Quanto às dificuldades de ajuste em alguns países, sobretudo nos EUA, elas decorrem de escolhas políticas feitas pelos mais prósperos. O resultado tem sido o protecionismo caótico de Trump. Mas ele não conseguirá amparar as pessoas que afirma querer ajudar: trata-se de uma fraude.

Resumindo, a integração foi fonte tanto de prosperidade quanto de vulnerabilidade. O sistema esteve longe de ser uma mentira, mas acabou se transformando em uma, à medida que o mercantilismo de uma China em ascensão se combinou com o protecionismo de um EUA em declínio. O resultado foi forçar os países a se protegerem por meio de estratégias de mitigação de riscos. Mas, não se engane, essa postura defensiva terá um custo elevado.

A abertura da economia mundial ao comércio e aos investimentos contribuiu para a disseminação de uma grande prosperidade no pós-guerra. Mas essa integração também gerou vulnerabilidades, que resultaram no protecionismo caótico dos EUA de Trump

Então, para onde devemos ir a partir daqui se quisermos minimizar as perdas causadas pela ruptura? A recomendação da Carney é que haja acordos entre as “potências intermediárias” como uma alternativa a um “mundo de fortalezas”. Sua abordagem se baseia no que Alexander Stubb, presidente da Finlândia, chama de “realismo baseado em valores”: o Canadá será “guiado por princípios em seu compromisso com valores fundamentais”, ao mesmo tempo em que irá “se engajar de forma ampla e estratégica, com os olhos bem abertos”.

Suponhamos que todas as potências intermediárias sigam uma direção semelhante; onde isso funcionaria melhor, onde funcionaria pior e o que mais seria necessário para que os problemas fossem resolvidos?

Comércio e investimento são as áreas mais fáceis de sustentar. O colapso das velhas regras cria uma incerteza custosa, especialmente em relação ao comércio com os EUA. Ainda assim, estes responderam por apenas 17% das importações mundiais de bens em 2024. É um mercado grande, mas não é o único.

Dinheiro e finanças são mais complicados. As potências intermediarias permanecerão vulneráveis à coerção dos EUA por meio do uso do dólar e da dependência do sistema financeiro americano, a menos que haja alguma reforma radical. O uso do yuan não é uma solução: apenas cria outra vulnerabilidade.

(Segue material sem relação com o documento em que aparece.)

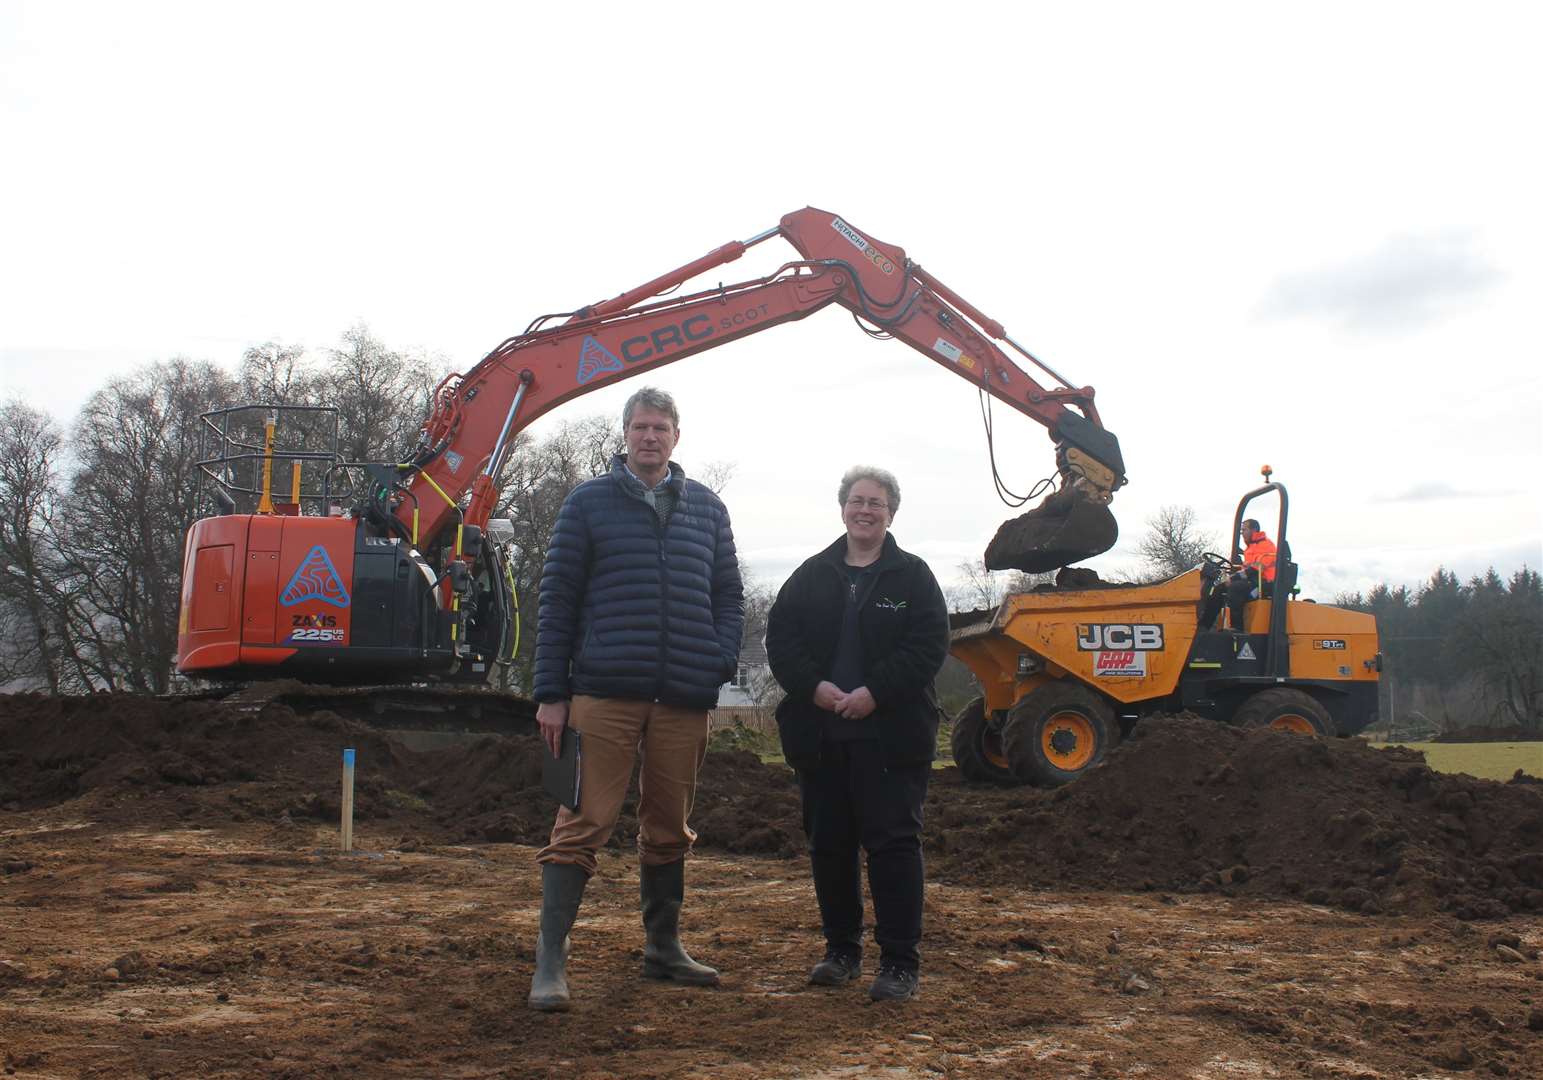 Work is now underway at the site near Banchory

A segurança é um desafio ainda mais difícil. O mundo conta com três superpotências nucleares claras e duas potências militares plenas. Há um limite para a capacidade da maioria das potências intermediárias de prover segurança para si mesmas e para seus parceiros. Diante de algumas ameaças - como a pirataria, por exemplo -, elas podem ser eficazes. Mas contra outras, isso se mostrará bem mais complicado.

Ainda mais difícil será garantir certos bens públicos globais, sobretudo ações contra as mudanças climáticas, se uma ou mais superpotências se opuserem ferozmente. Nesse caso, será necessária uma cooperação global - e talvez até sanções contra os EUA.

Quanto mais se examina o que está por vir, mais importante a União Europeia se torna - aos olhos de Trump, o maior inimigo -, como argumenta meu colega Martin Sandbu. A cada dia que passa, mais responsabilidades e poder são impostos à União Europeia, em todos os domínios. Felizmente, ela não está desarmada. Como observa Robert Shapiro, subsecretário do Comércio no governo de Bill Clinton, a alavancagem financeira da Europa sobre os EUA é substancial. Ela precisa usá-la.

Em seu livro, escrito no exílio, Stefan Zweig (escritor austríaco judeu que se suicidou no Brasil em 1942), descreveu o mundo perdido da Europa anterior à Primeira Guerra Mundial. Nós também estamos perdendo um mundo. Ele também era imperfeito, embora muito melhor do que aquele. Desta vez, a Europa precisa ser uma salvadora, não uma destruidora. O Reino Unido também terá de se juntar às lutas que se avizinham. (Tradução de Mário Zamarian).